Your instructions
Would you please print exactly the lines that run from the one with "Lifestyle Magazine Template" to the last line of the data, both included, without any pictures?

Dataset excerpt

Segment Open

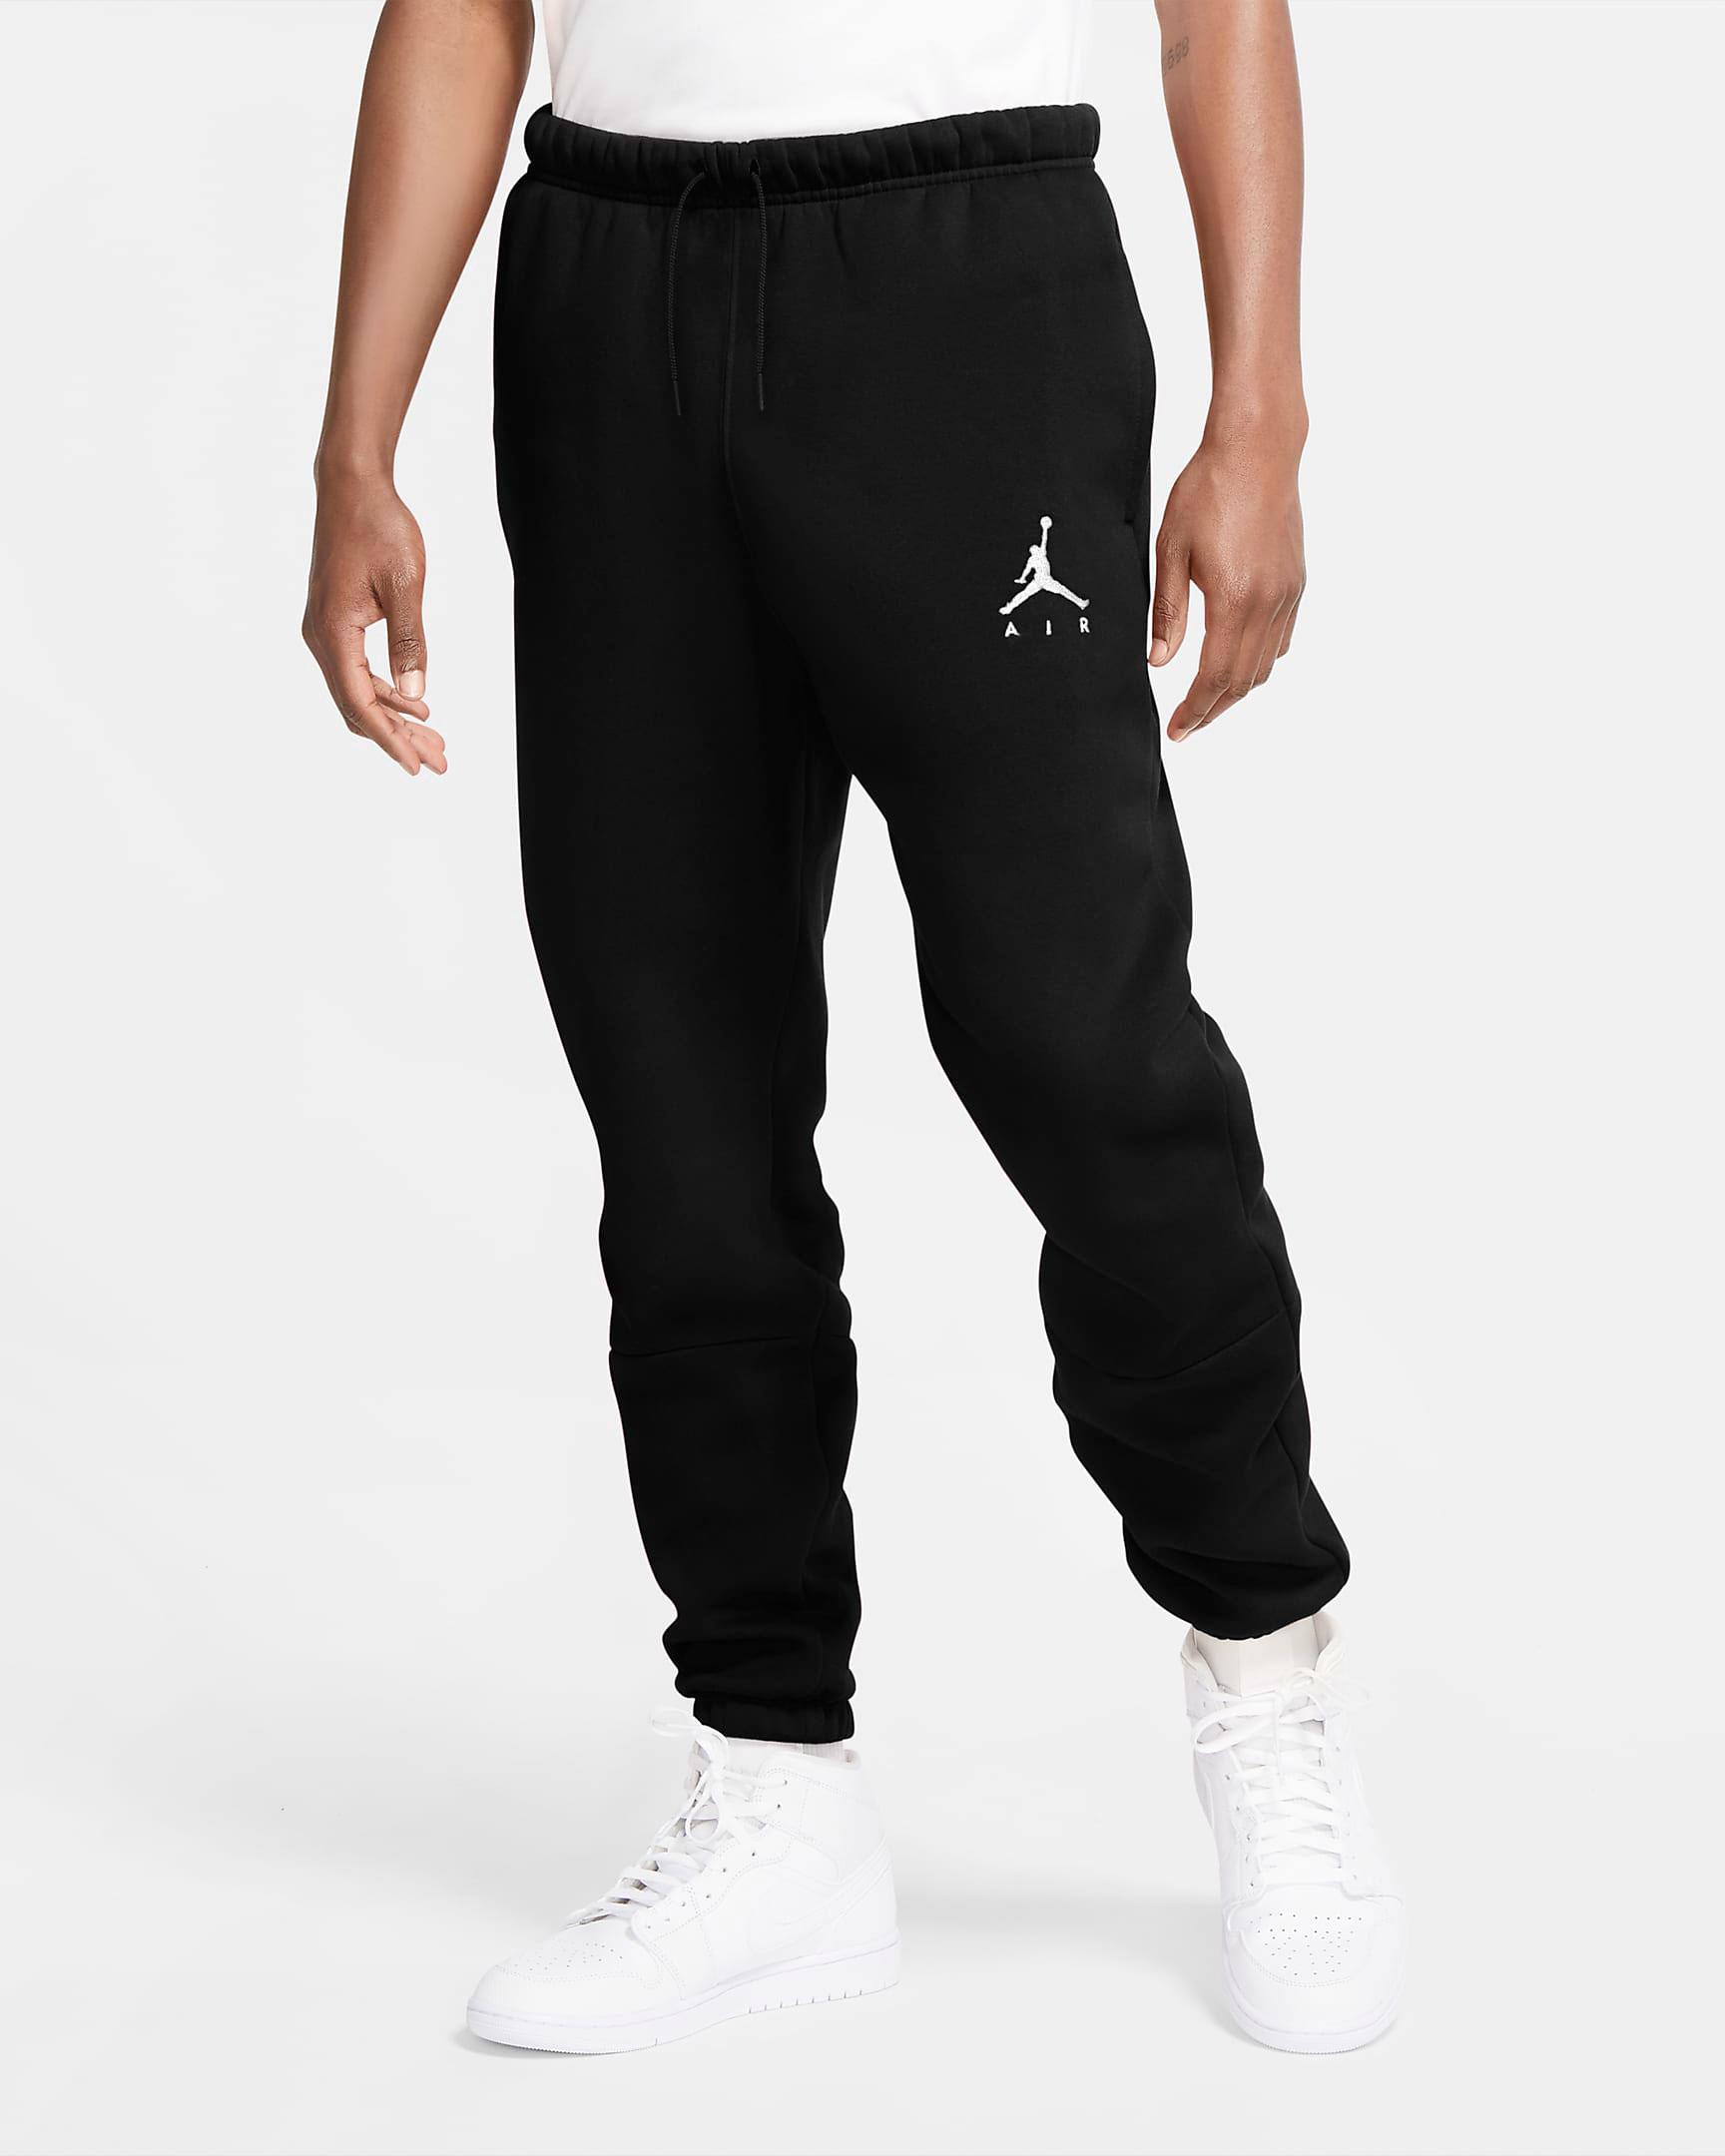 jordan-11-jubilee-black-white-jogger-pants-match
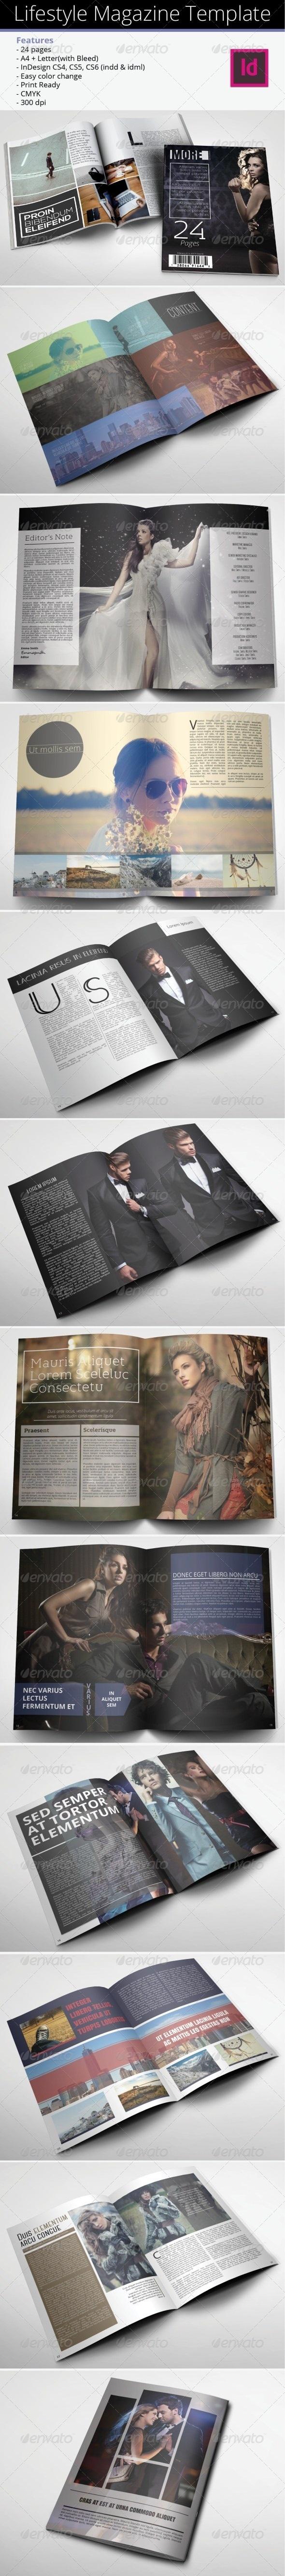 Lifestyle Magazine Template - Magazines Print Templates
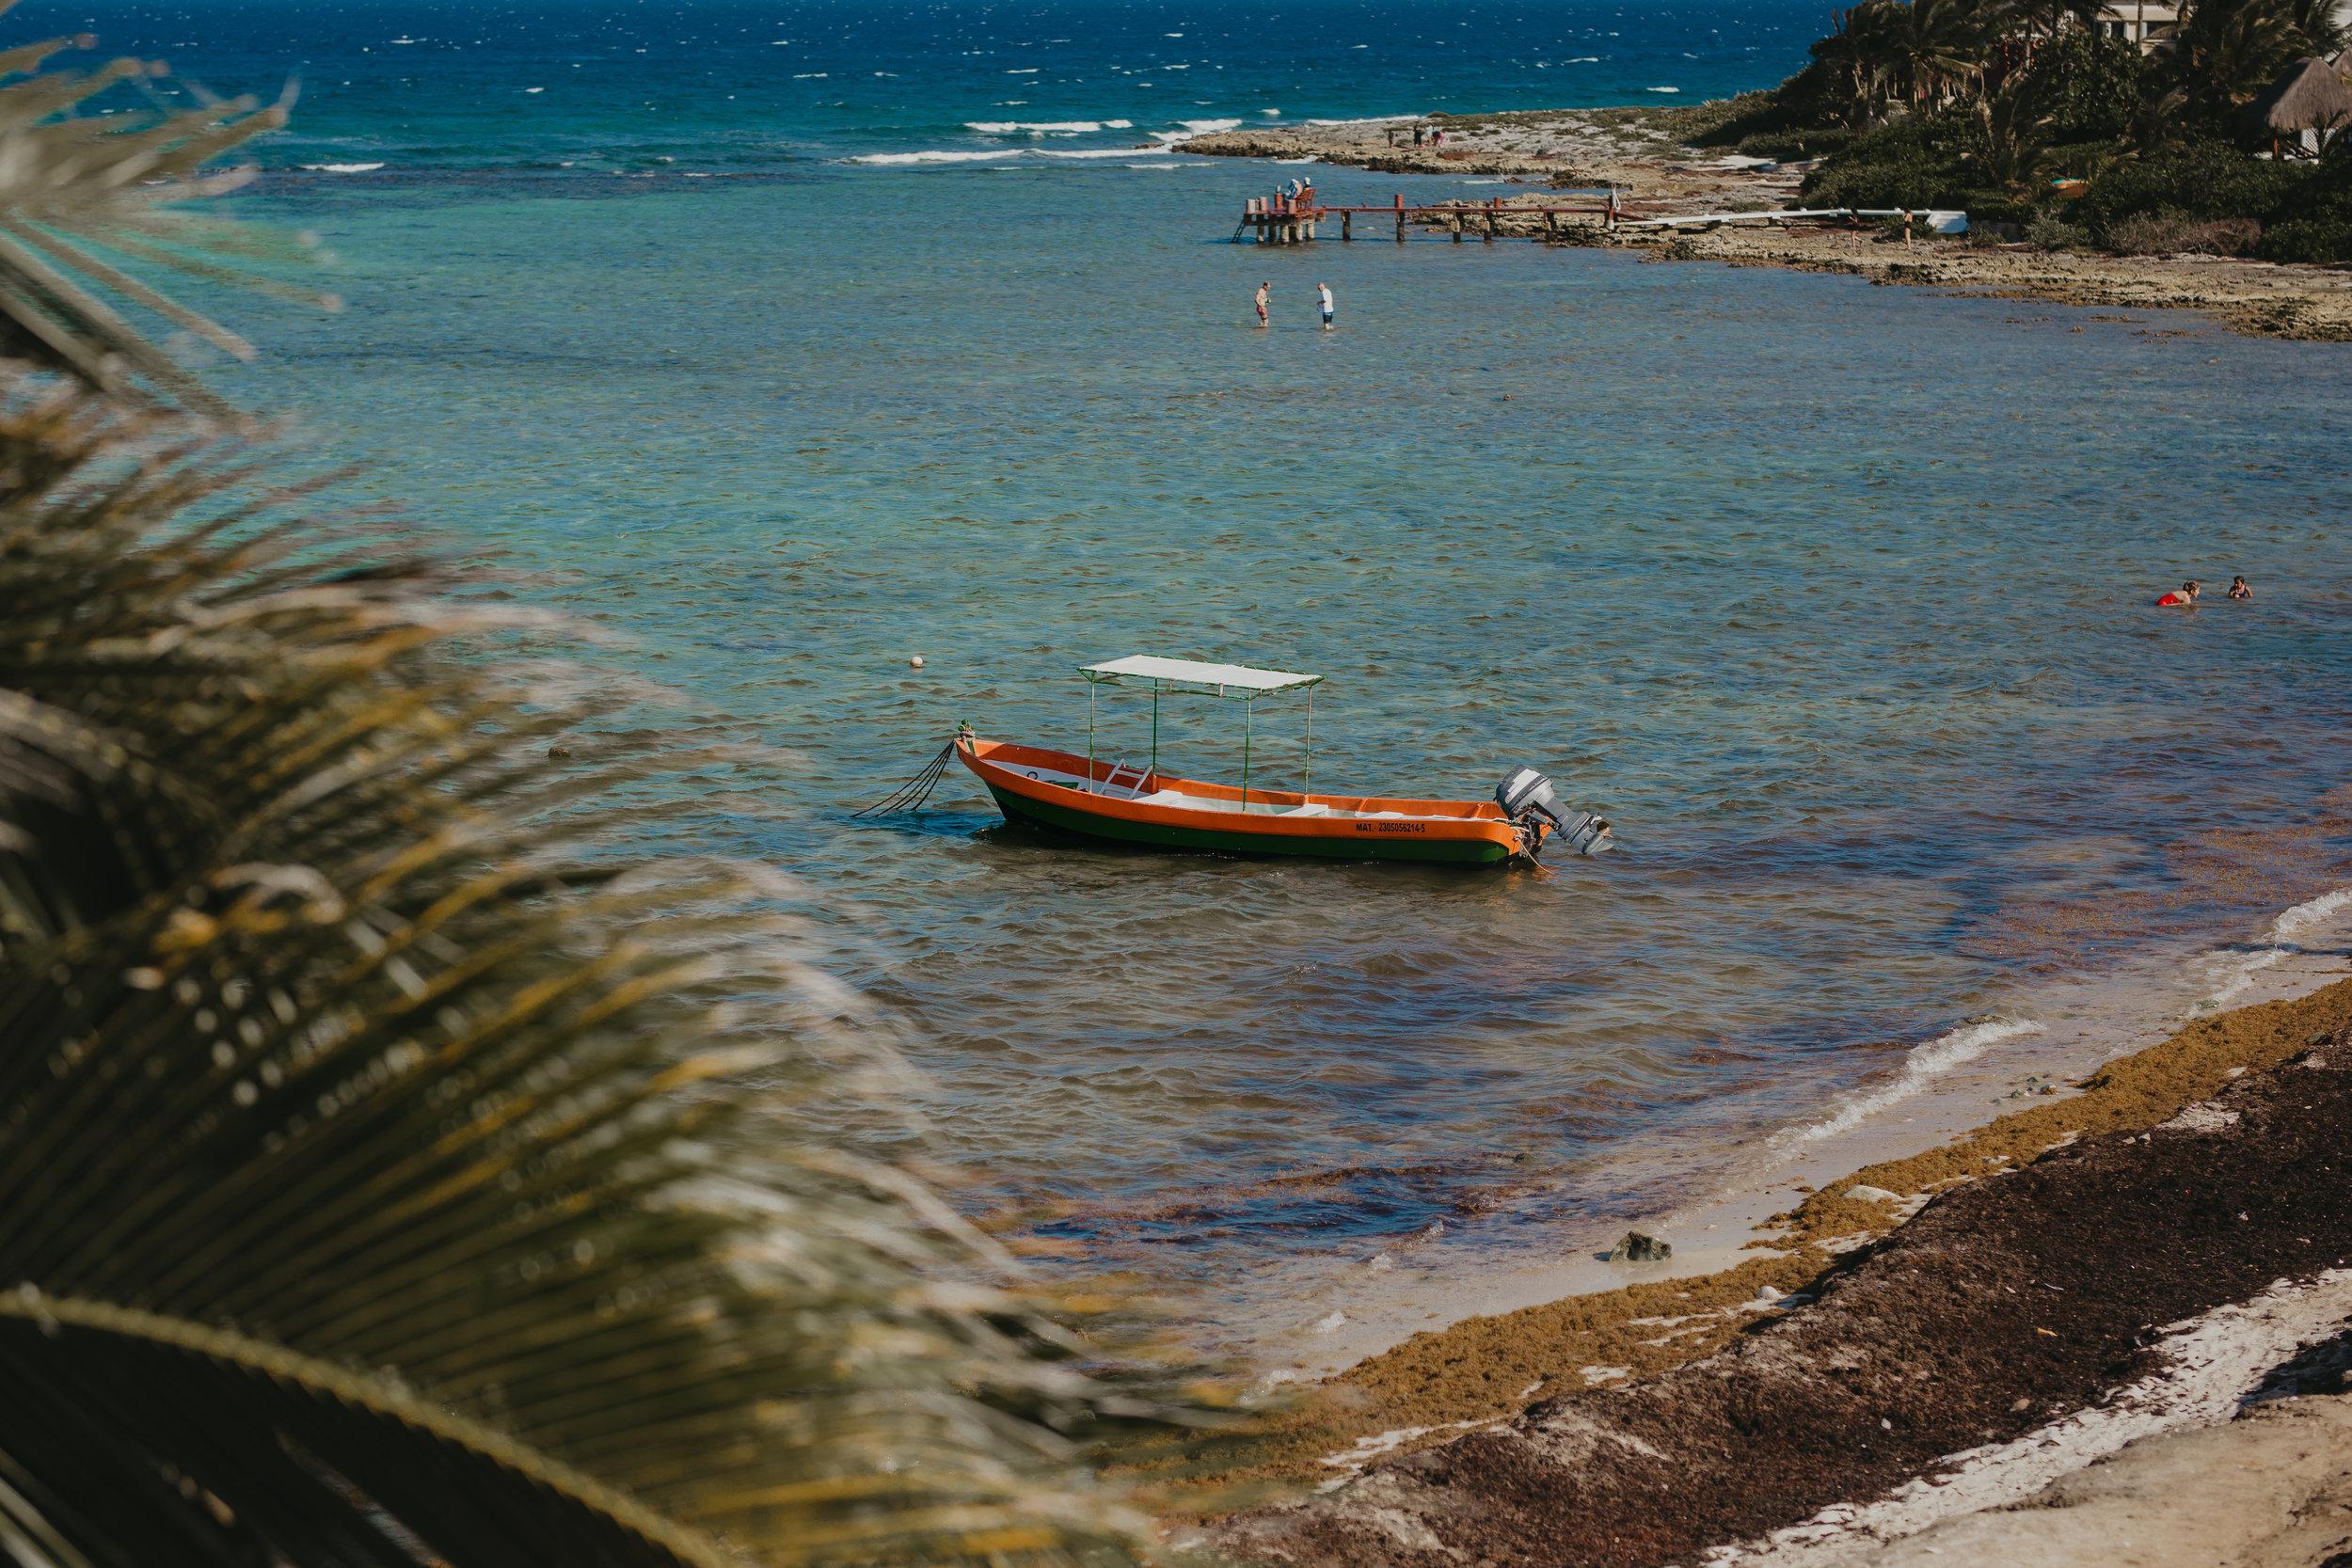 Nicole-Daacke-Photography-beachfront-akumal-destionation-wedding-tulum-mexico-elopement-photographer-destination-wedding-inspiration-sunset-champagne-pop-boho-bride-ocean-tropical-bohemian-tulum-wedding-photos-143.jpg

Segment Closed

Answer for this exercise
 Lifestyle Magazine Template - Magazines Print Templates
 Nicole-Daacke-Photography-beachfront-akumal-destionation-wedding-tulum-mexico-elopement-photographer-destination-wedding-inspiration-sunset-champagne-pop-boho-bride-ocean-tropical-bohemian-tulum-wedding-photos-143.jpg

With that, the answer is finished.